Instructions to follow ▸ Could you reproduce, word for word, everything below from the line containing "Crep Protect Eraser" down to the line containing "Paradyne 3800PLUS manual", with both of those lines included and no others?

Source data ▸
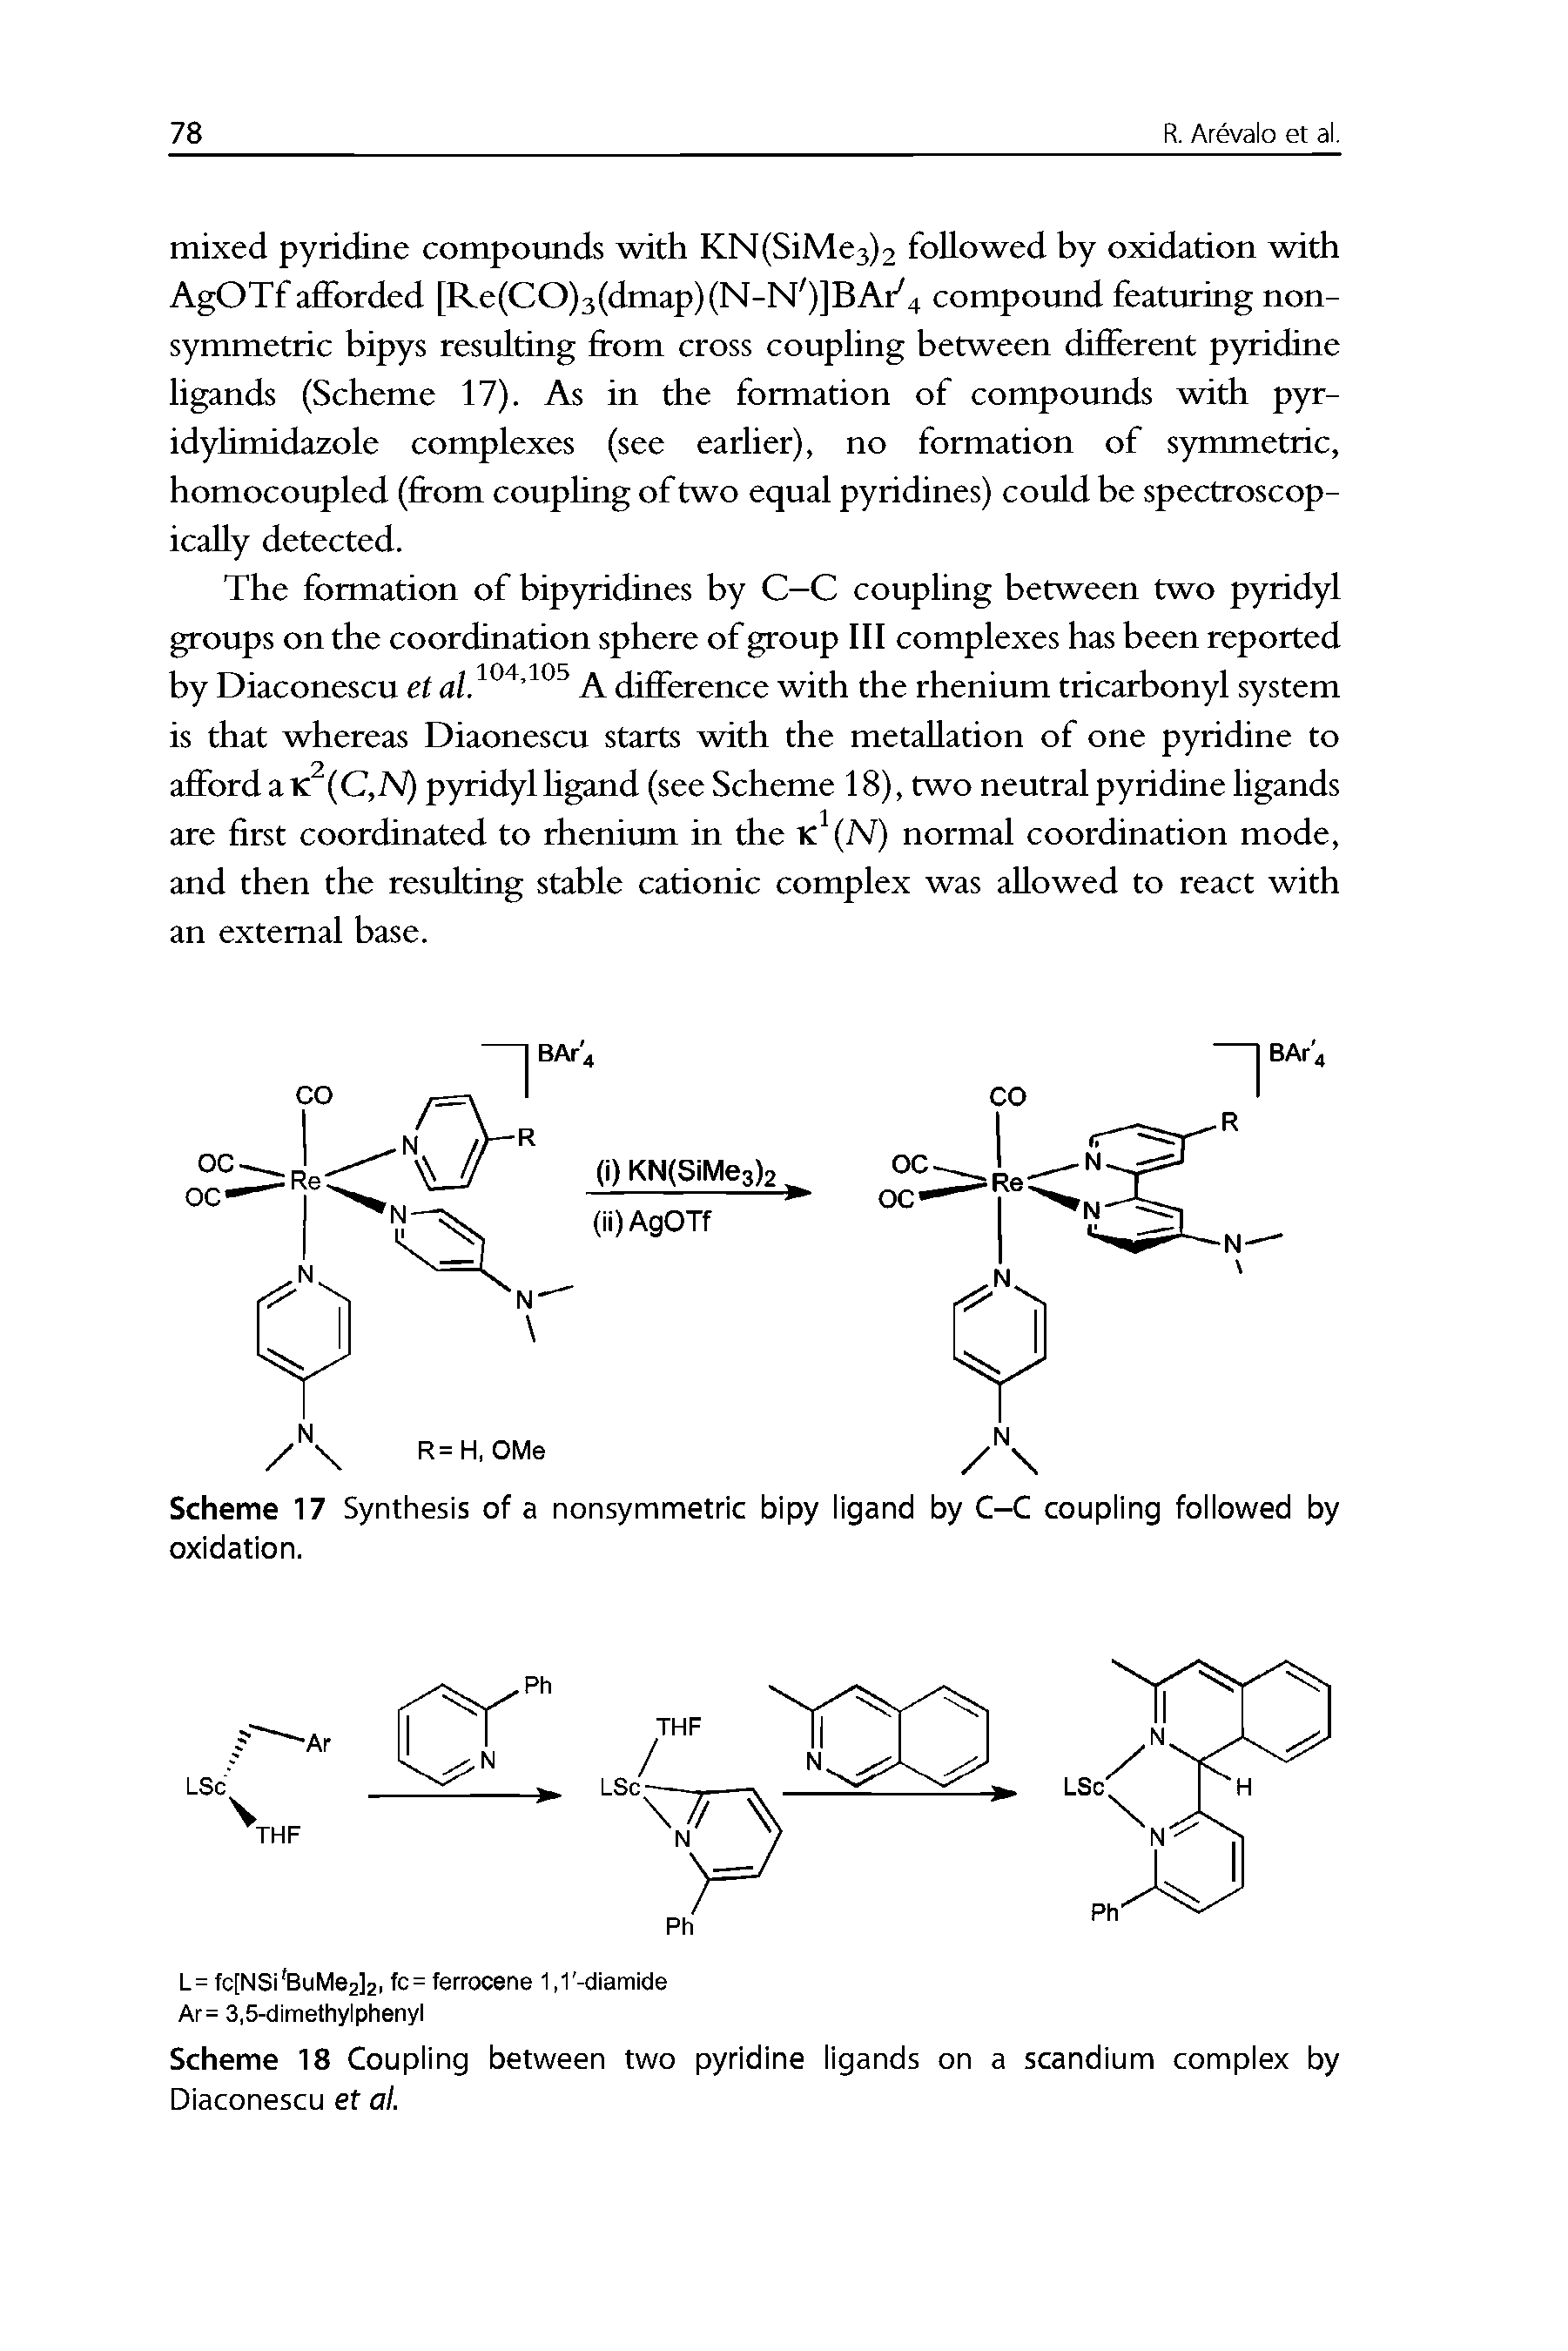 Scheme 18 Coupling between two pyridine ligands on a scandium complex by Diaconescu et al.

==

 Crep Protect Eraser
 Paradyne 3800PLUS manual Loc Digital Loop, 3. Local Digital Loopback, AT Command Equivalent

...

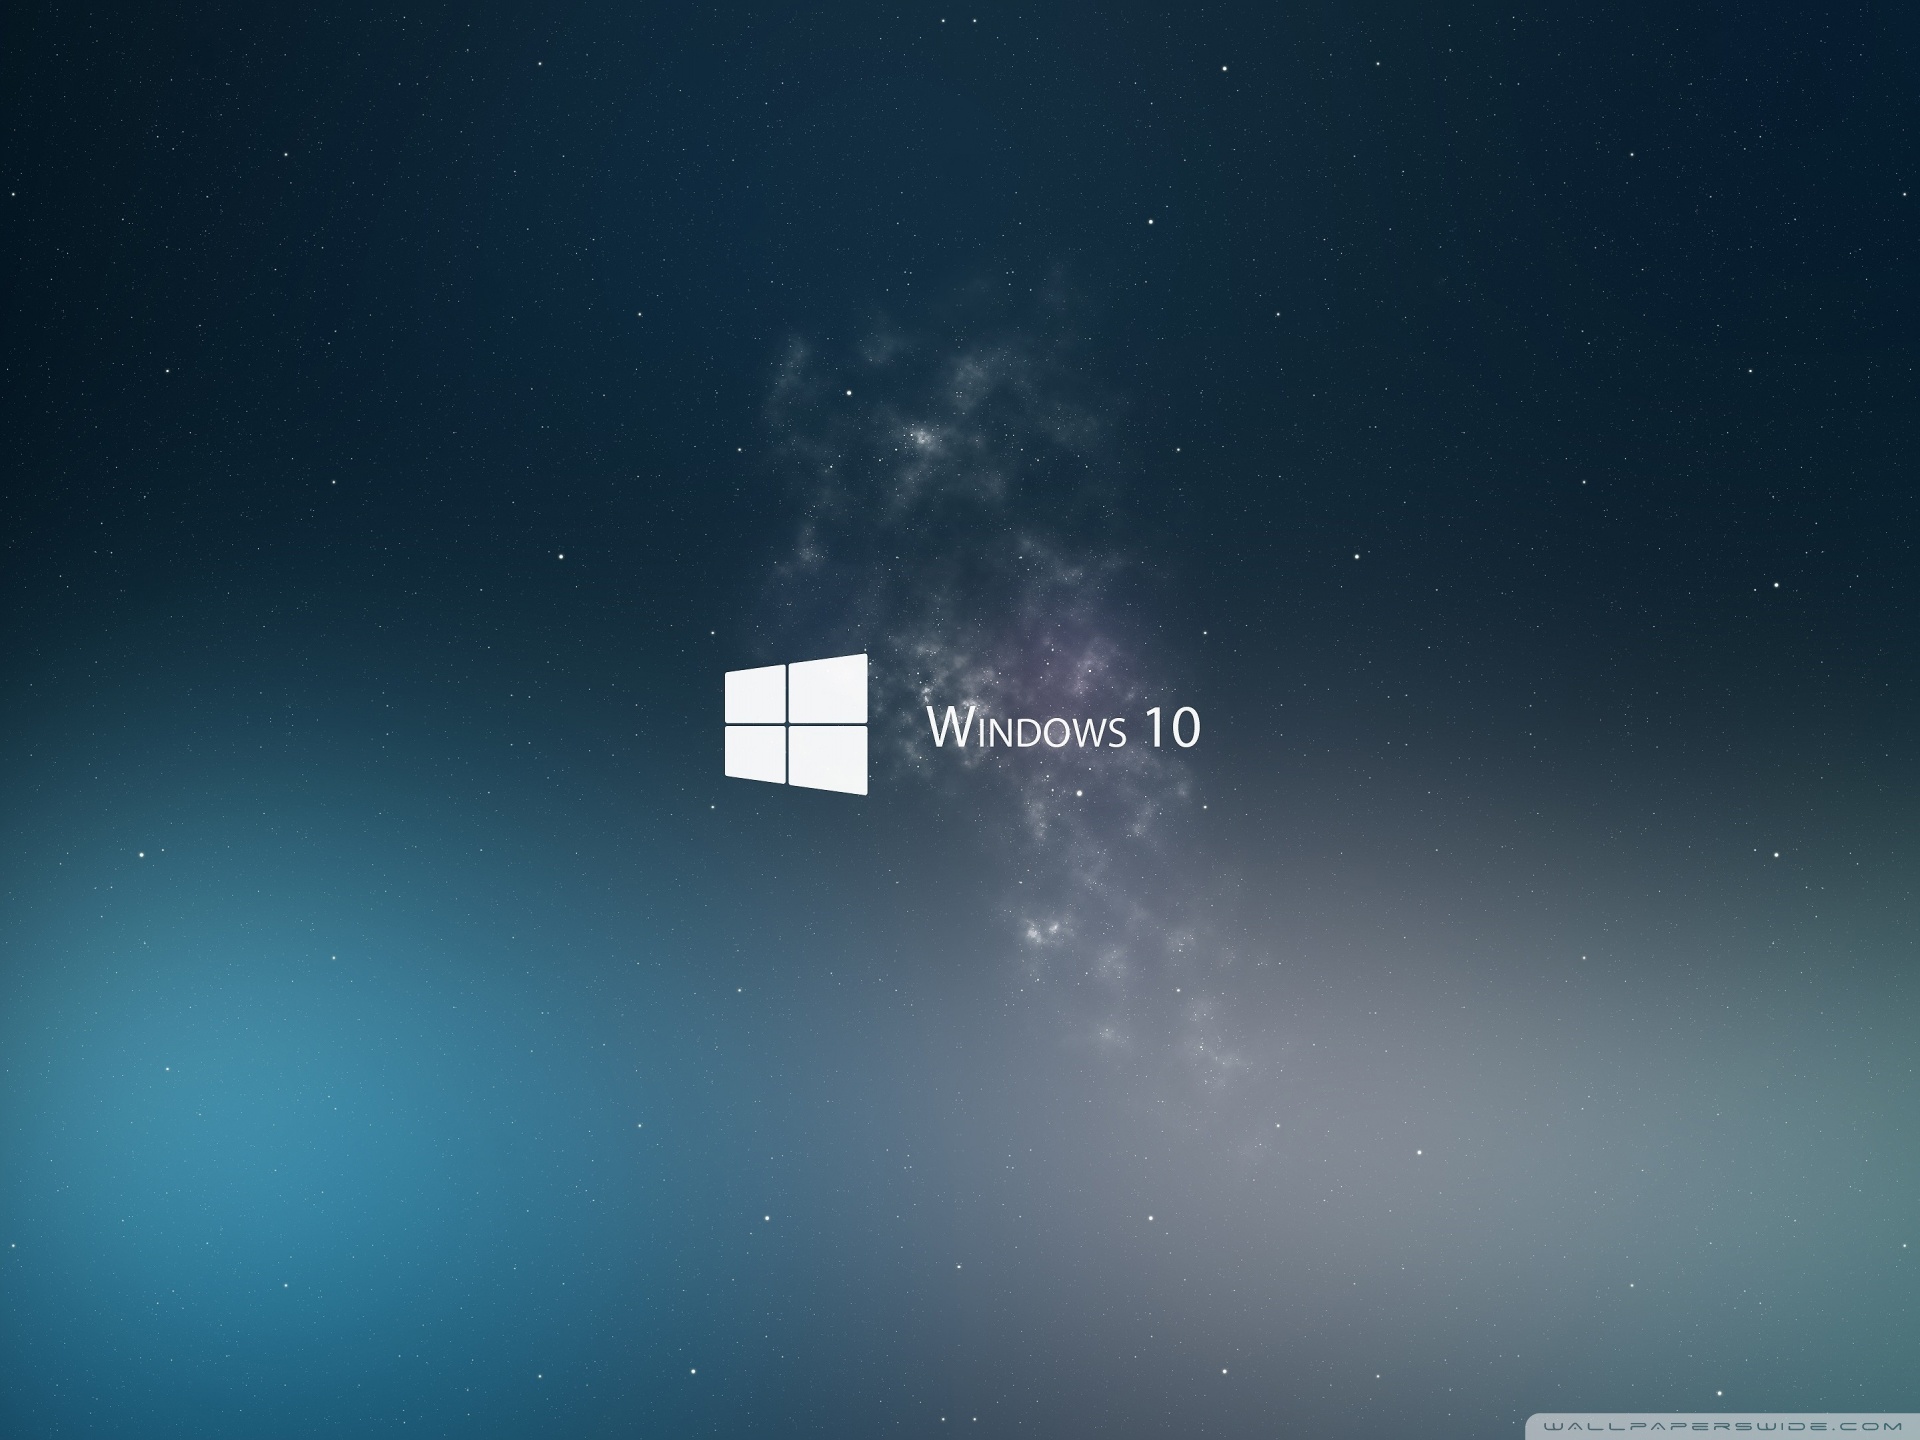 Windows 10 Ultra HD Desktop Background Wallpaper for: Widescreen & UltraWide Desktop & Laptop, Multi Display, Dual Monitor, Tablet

Exercise response ▸
 Crep Protect Eraser
 Paradyne 3800PLUS manual Loc Digital Loop, 3. Local Digital Loopback, AT Command Equivalent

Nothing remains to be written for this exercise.